LVTR-CLIP

Question

LVTR-CLIP

aries-young opened this issue 2 years ago · comments

Hello, I'm very interested in your LVTR-CLIP model. The features ectracted by CLIP only include image information, whereas the features ectracted by C3D include both image information and video termporal information.
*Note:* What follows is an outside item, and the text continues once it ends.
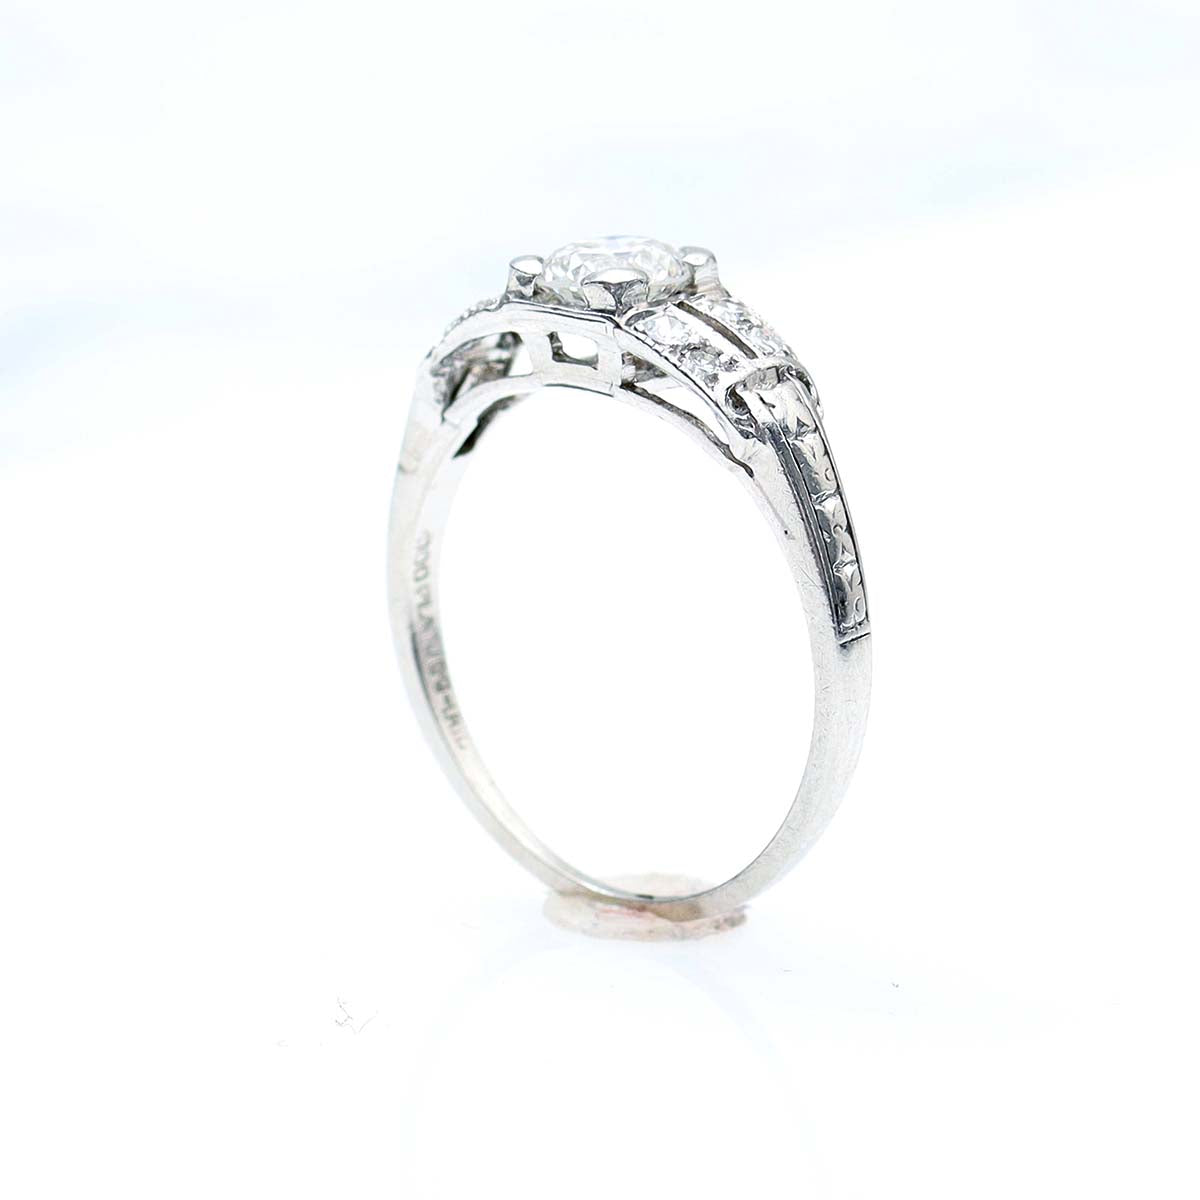 Antique Art Deco Engagement Ring #VR220714-7

So, why does LVTR-CLIP outperform LVTR-C3D ? Or, in another word, cross_model encoder has capability to modeling the temporal relations both between frame and frame, frame and text ?
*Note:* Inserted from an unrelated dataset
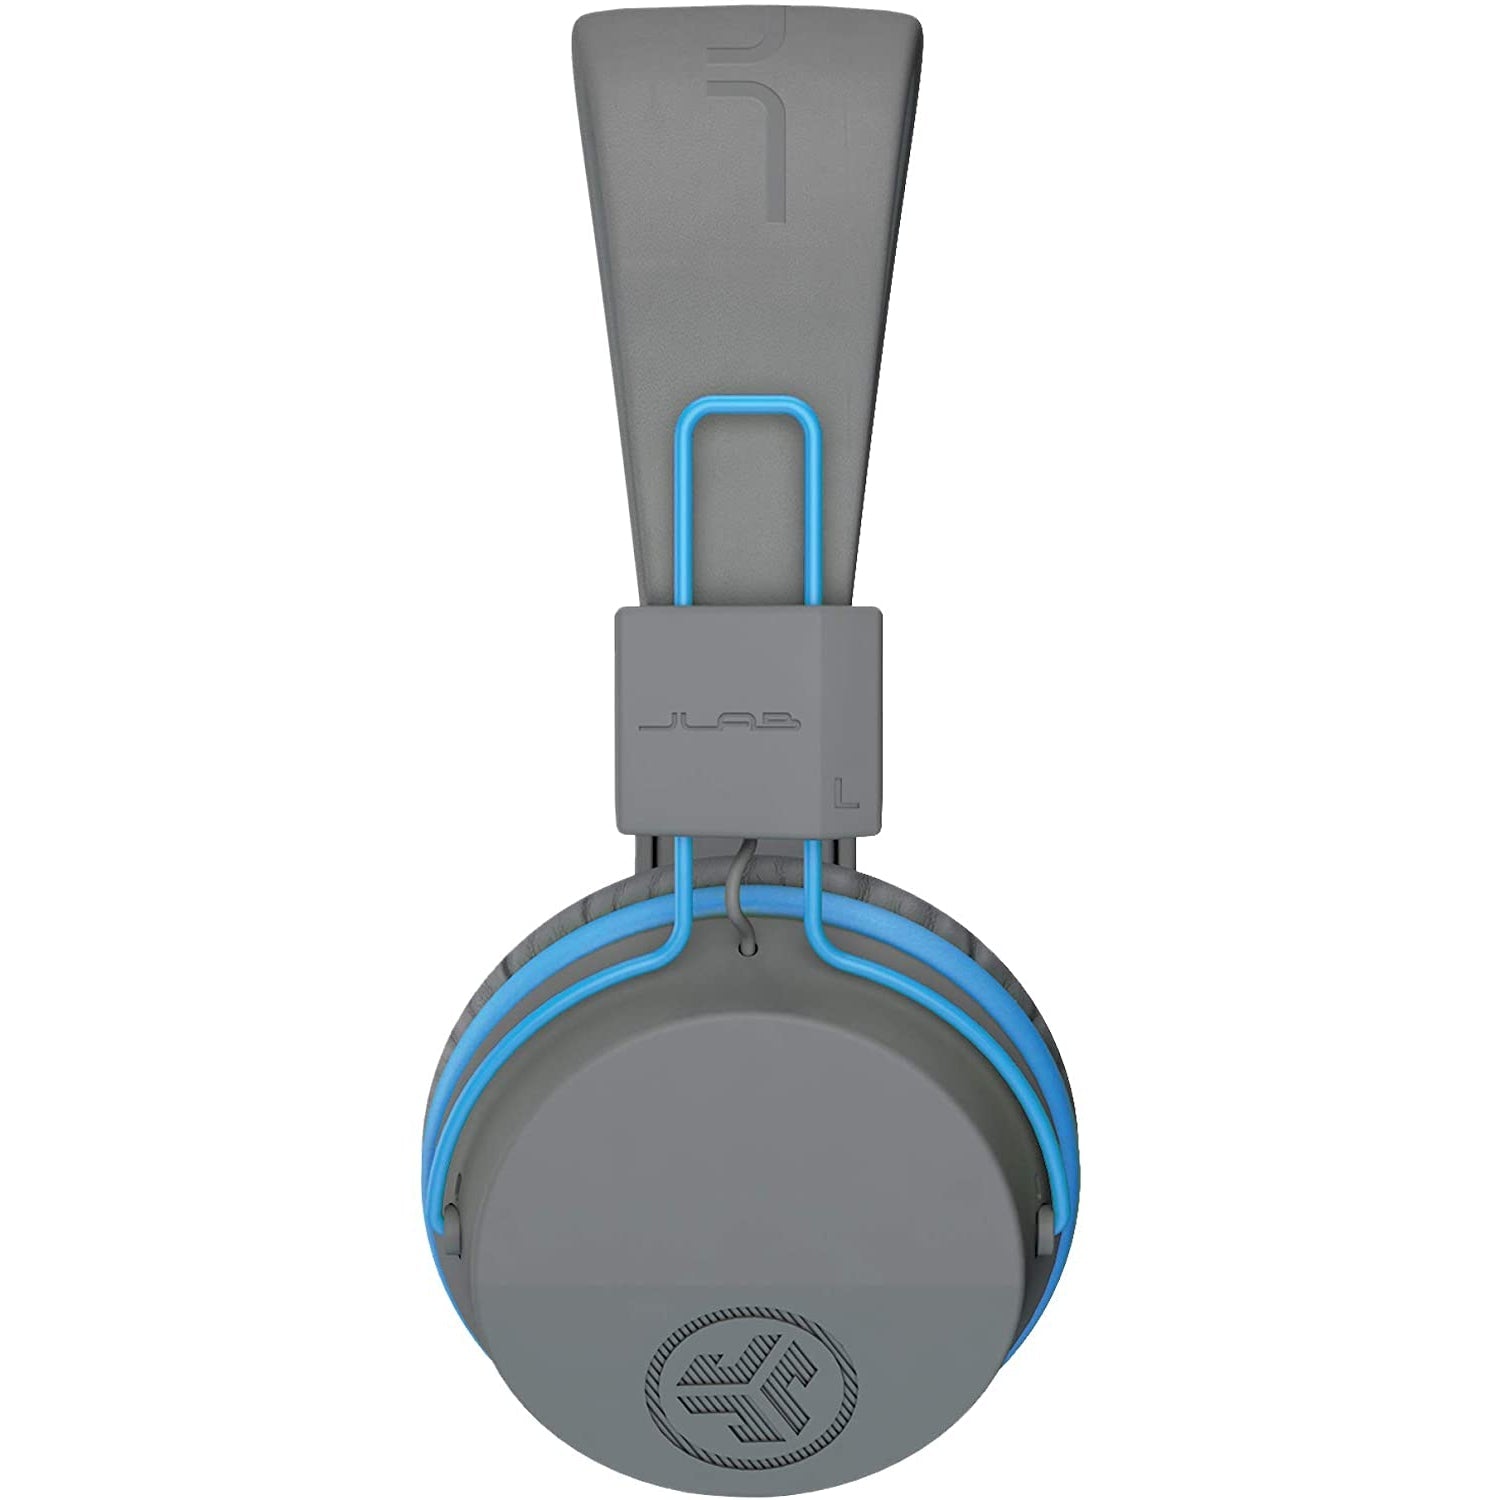 JLab JBuddies Studio Kids Wireless Headphones - Grey / Blue - Refurbished Excellent

Sangmin Woo · Answer 1 · Thu May 12 2022 19:09:29 GMT+0800 (China Standard Time)

@aries-young, we appreciate your interest in our work.

Since we employed a pre-trained CLIP, the image-text features extracted from LVTR-CLIP are already somewhat aligned.
Then, those features are concatenated and given as an input sequence to the cross-modal encoder.
The cross-modal encoder models pair-wise relations between every input token, which are 1) frame-frame (temporal), 2) frame-text (cross-modality), and 3) text-text (temporal).

aries-young · Answer 2 · Fri May 13 2022 13:48:11 GMT+0800 (China Standard Time)

@aries-young, we appreciate your interest in our work.

Since we employed a pre-trained CLIP, the image-text features extracted from LVTR-CLIP are already somewhat aligned. Then, those features are concatenated and given as an input sequence to the cross-modal encoder. The cross-modal encoder models pair-wise relations between every input token, which are 1) frame-frame (temporal), 2) frame-text (cross-modality), and 3) text-text (temporal).

Thank you very much. This is a very encouraging discovery.